# GIGABYTE GA-P31-DS3L Problem??



## The Scarecrow (Mar 21, 2007)

Hi guys.
Has anyone known of a problem with a GIGABYTE GA-P31-DS3L motherboard.
Ill explain......If i can.
I have a E2180 left standard OR with a good stable overclock.
My gfx card is a 9600gt i can overclock it to 740/1850/1000 with NO problem ( ATItools no worries.)

Problem is when i benchmark with Aquamark 3 OR 3dmark 06 ,it scores the same wheather i OCed the GPU or not....Scores are better when i OC my CPU.........BUT throw in a OCed GPU and its no different???
Am i making sence??

Please help.


----------



## linderman (May 20, 2005)

yeah your GPU has alot more muscle than your cpu ...............

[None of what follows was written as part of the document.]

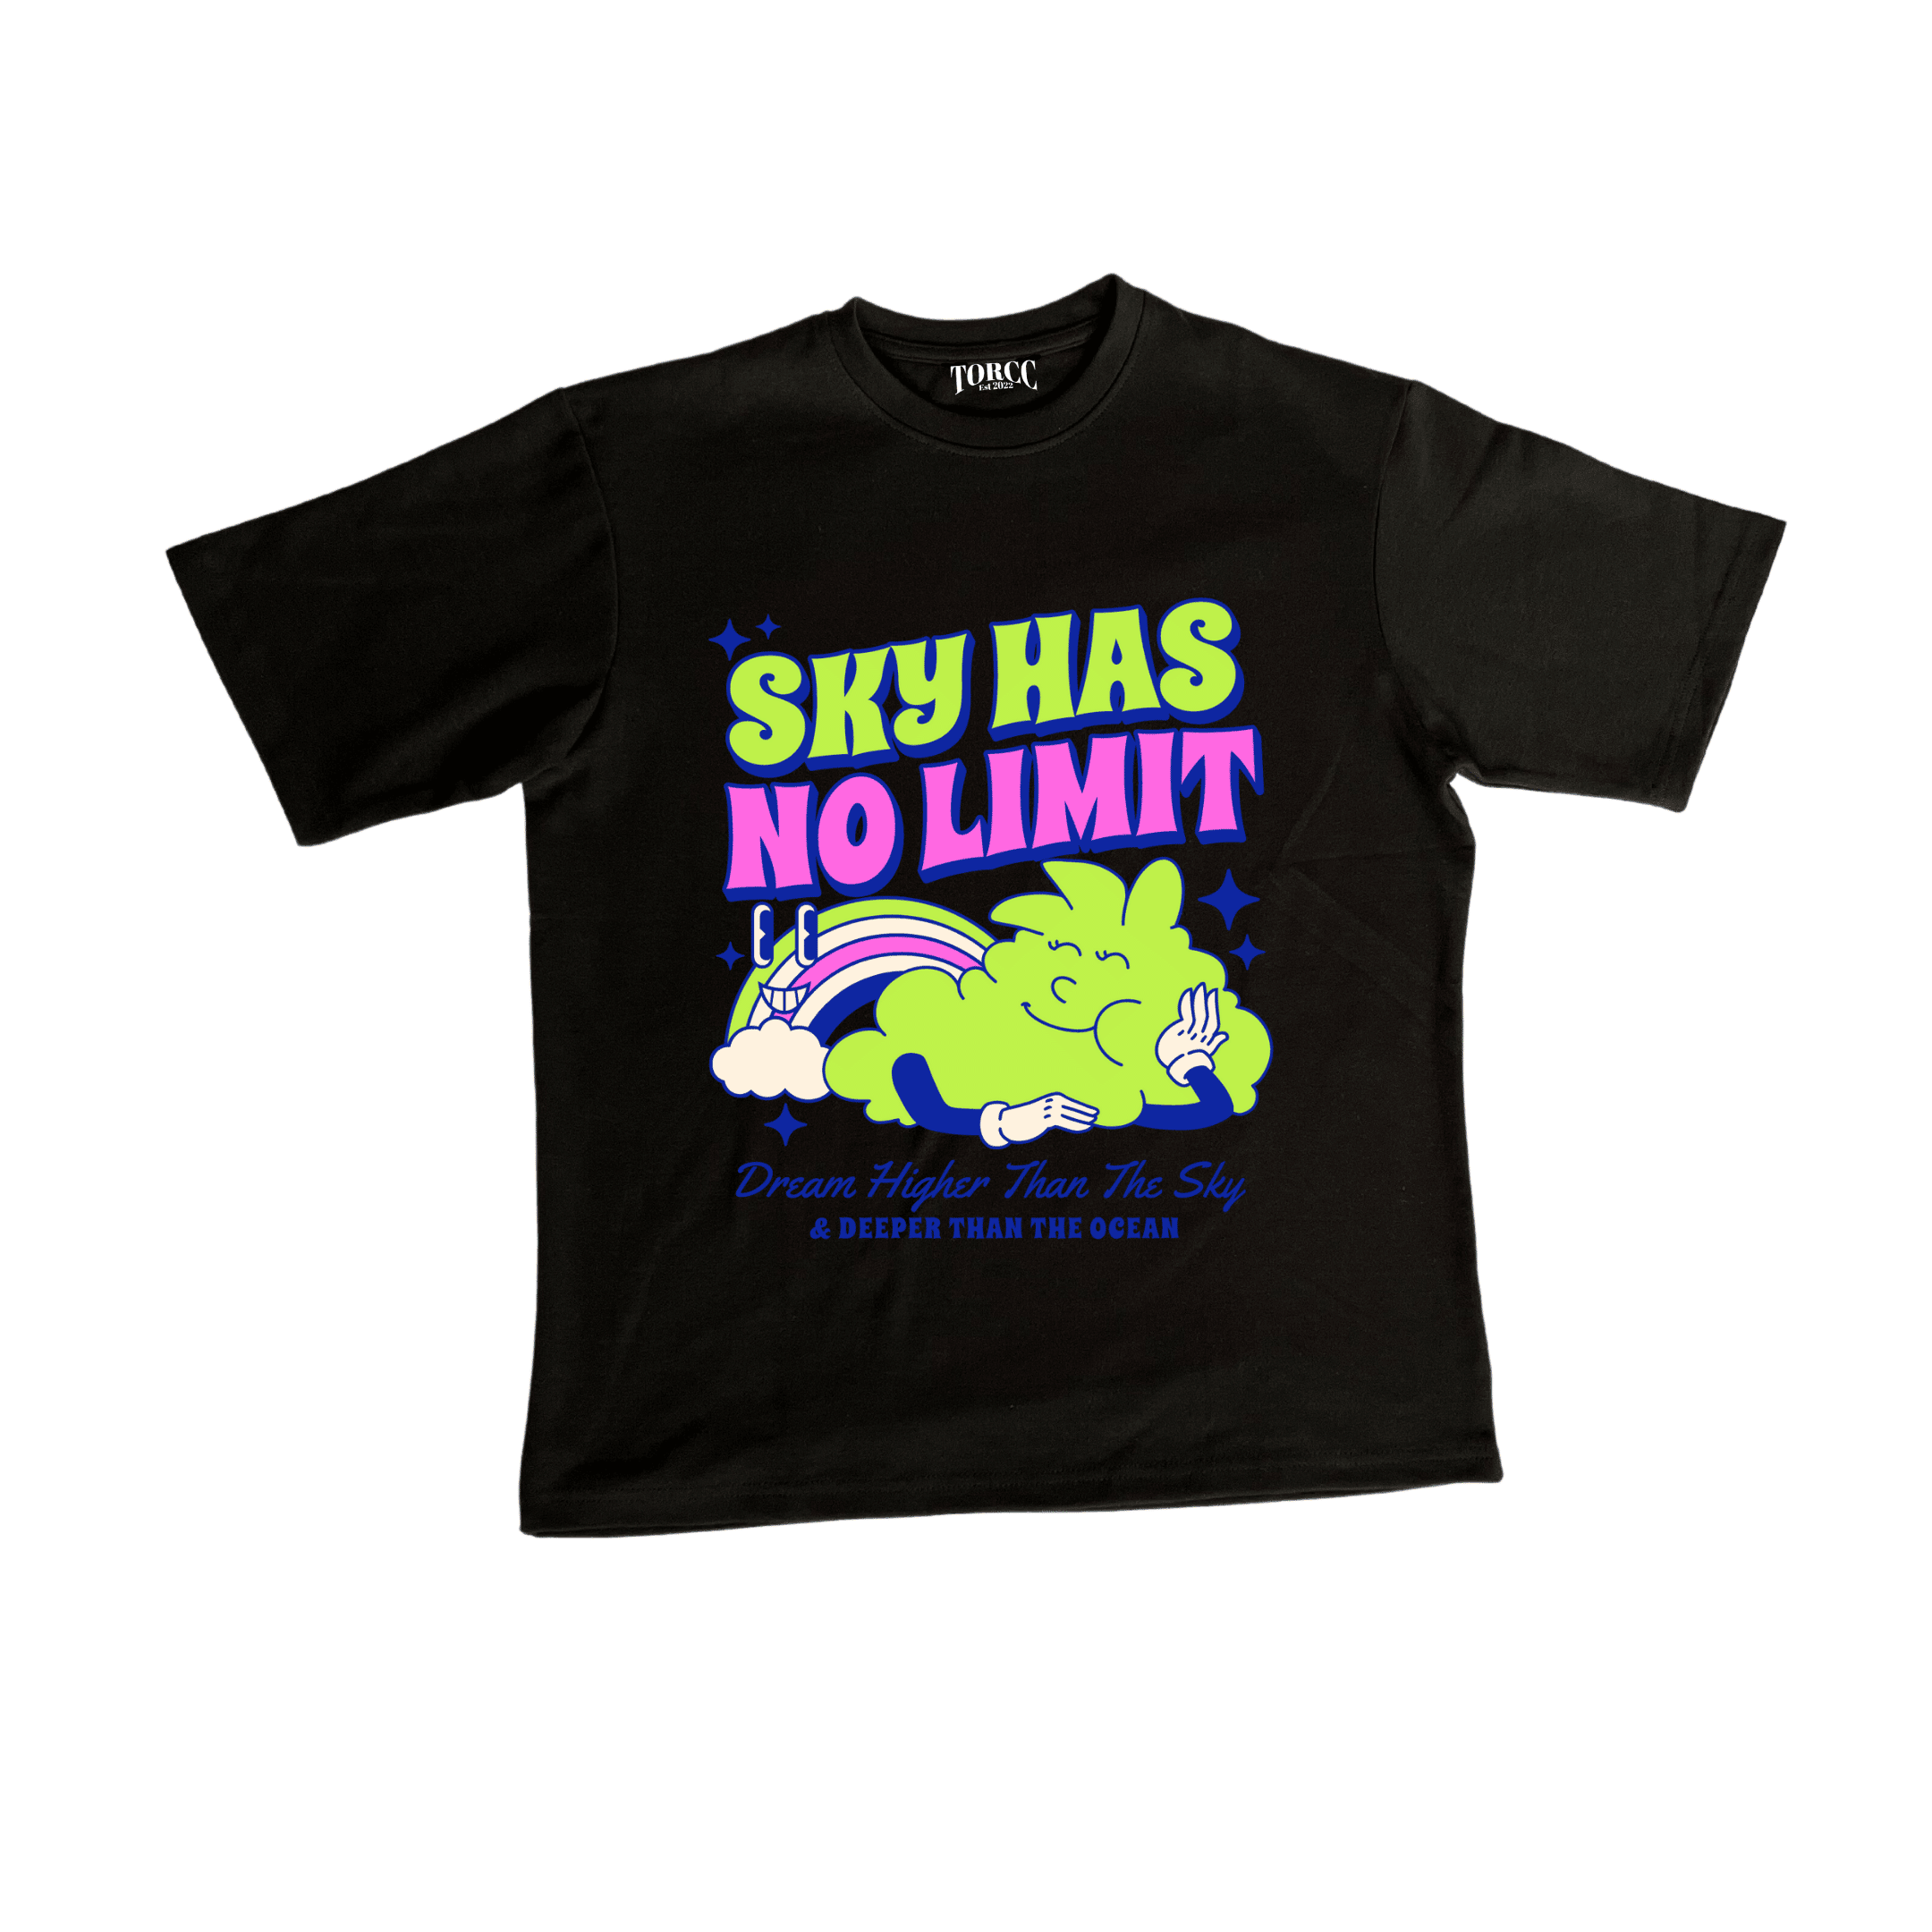 Sky Has No Limit: Oversized Graphic Tees

the E2180 is not for gamers or benchmark folks ................. that cpu was meant for internet surfing machine / office doe-doe machine (nothing heavy or task demanding)

your cpu overclocked cant match the ability of your grafix card at stock settings ....... therefore overclocking your vid card amounts to nothing gained .................


sorry to rain on your parade ................. :wink:


----------



## The Scarecrow (Mar 21, 2007)

Thanks for the info. ..............Hopefully be getting a Phenom II 940 BE upgrade with a Gigabyte GA-MA770-DS3 Motherboard AMD PhenomFX Socket AM2+ AMD 770 ATX RAID Gigabit Ethernet * Will Support AM3 CPU * Breath.... Motherboard for my birthday soon.

Cheers


----------



## The Scarecrow (Mar 21, 2007)

*Re: SOLVED GIGABYTE GA-P31-DS3L Problem??*

So thats, that then.


----------